Apple files lawsuit accusing ChatGPT maker OpenAI of stealing trade
secrets
[July 11, 2026] By
KAITLYN HUAMANI and MATT O'BRIEN
Apple on Friday accused OpenAI of stealing trade secrets as it seeks to
build its own hardware for ChatGPT, a major rupture in a partnership
between the iPhone maker and the artificial intelligence company.

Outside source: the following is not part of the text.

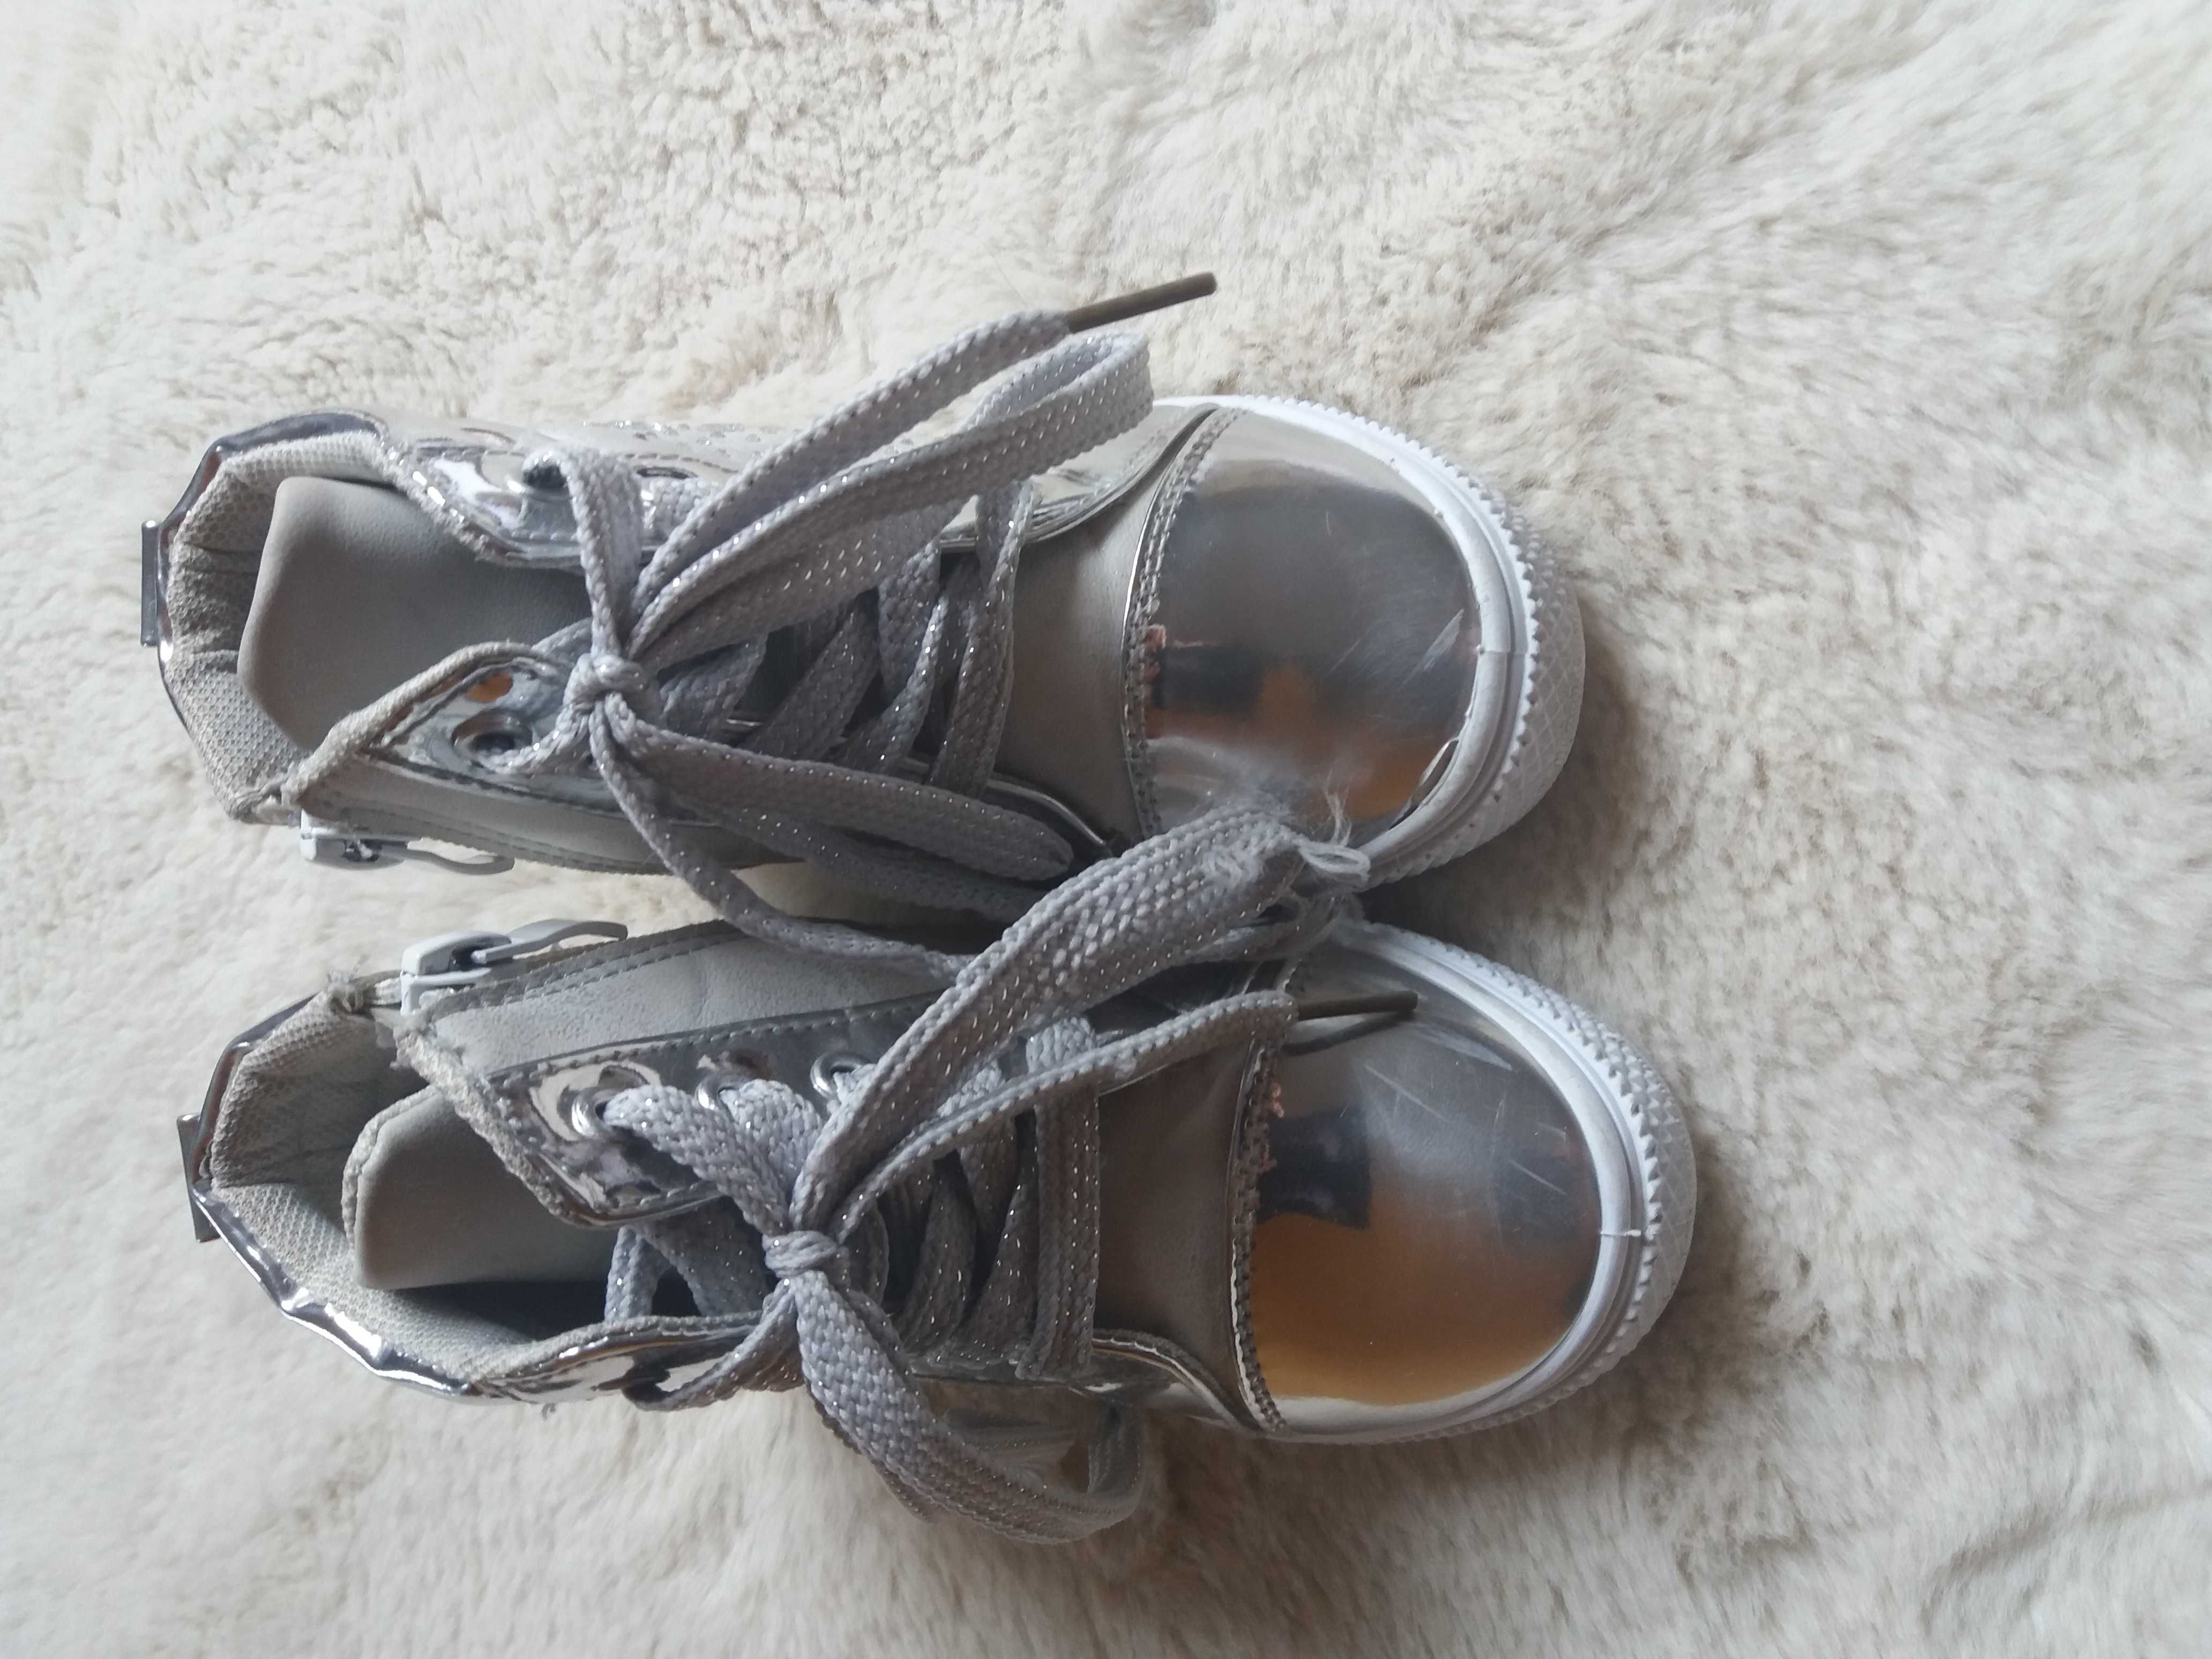 Sneakersy, botki, adidasy dziecięce rozm. 24 (dł. wkładki 15cm)

Apple said in the lawsuit filed in a California federal court that
OpenAI encouraged Apple employees it was recruiting to share
confidential information, even guiding how to avoid scrutiny when taking
jobs at the other company.
“This case is about Apple’s former employees stealing Apple’s trade
secrets for the benefit of OpenAI,” the filing says. “Apple brings this
suit to put a stop to it.”
Two former Apple employees who now work for OpenAI are also named as
defendants. One is Tang Tan, who helped design the iPhone, Apple Watch
and iPod and is now OpenAI’s chief hardware officer. The other is Chang
Liu, a former electrical engineer Apple says it entrusted with some of
its most sensitive product development efforts before Liu left Apple to
join OpenAI earlier this year.
OpenAI said it is still reviewing the filing, but spokesperson Drew
Pusateri said in a statement Friday that OpenAI has “no interest in
other companies’ trade secrets. We remain focused on building innovative
technology that empowers people everywhere.”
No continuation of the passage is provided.